What you do is forcing the strength to be 8-bit per ECC chunk if the
NAND chip requires at least 8-bit/chunk strength.

The DT property is here to force a strength. Otherwise, Linux will
propose to the NAND controller to use the minimum strength required by
the chip (from either the ONFI/JEDEC parameter page or from a static
table).


The main problem is that the same kind of boards can have different
NAND parts.

Lets assume, we have following 2 cases.

1. Non ONFI/JEDEC device for which chip->ecc_strength_ds
will be zero. In this case, the ecc->strength from DT
will be used
2. ONFI/JEDEC device for which chip->ecc_strength_ds > 8.
Since QCOM nand controller can not support
ECC correction greater than 8 bits so we can use 8 bit ECC
itself instead of failing NAND boot completely.

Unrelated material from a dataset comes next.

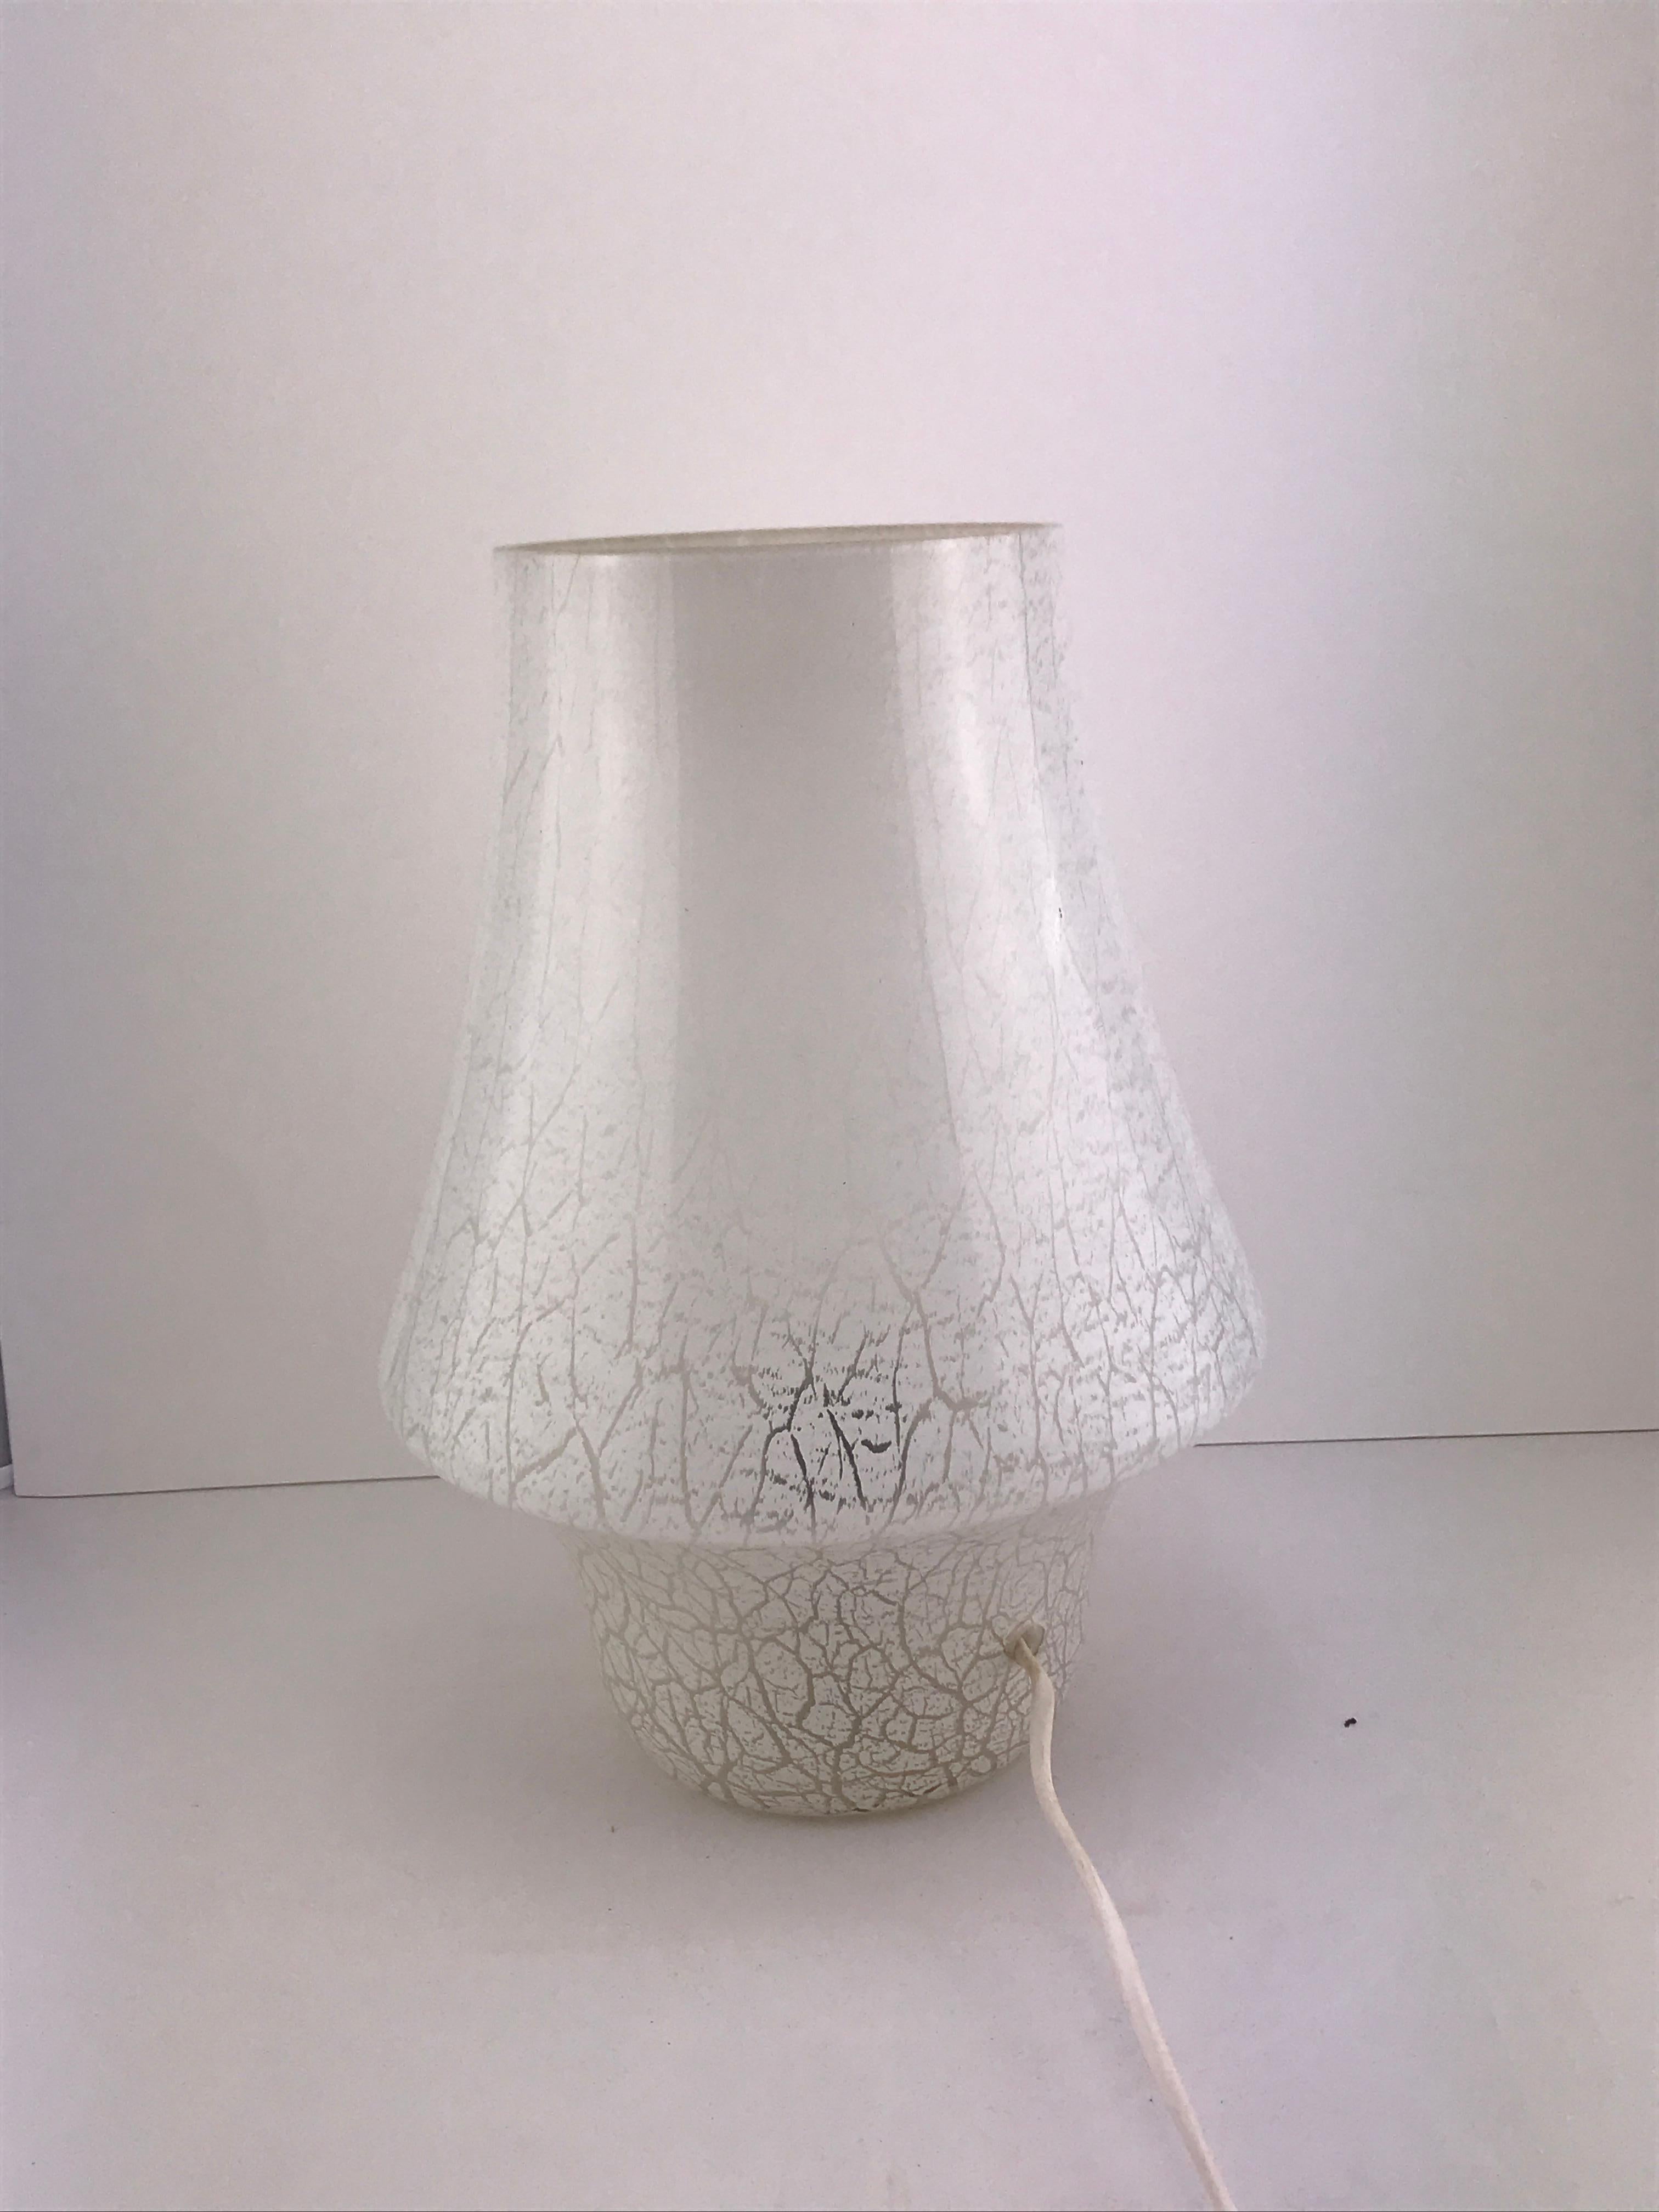 Italienische Pilzlampe aus Muranoglas, 1960er Jahre.
Guter Zustand in Anbetracht des Alters das weiße Glas ist immer noch sehr schön und das Licht die kommen aus ist schön und sanft nicht invasiv überhaupt und macht diese Lampe perfekt für ein

IMHO, you have two solutions:
1/ Remove these properties from the board DT (breaks DT backward
compatibility though);

- nand-ecc-strength: This is optional property in nand.txt and
Required property in qcom_nandc.txt. We can't remove since
if the device is Non ONFI/JEDEC, then ecc strength will come
from DT only.

2/ Create another DT for the board.


Its not about board but about part. We have IPQ8074 HK01 board
with 4 bit ECC chip/8 bit ECC chip/non ONFI/JEDEC chip.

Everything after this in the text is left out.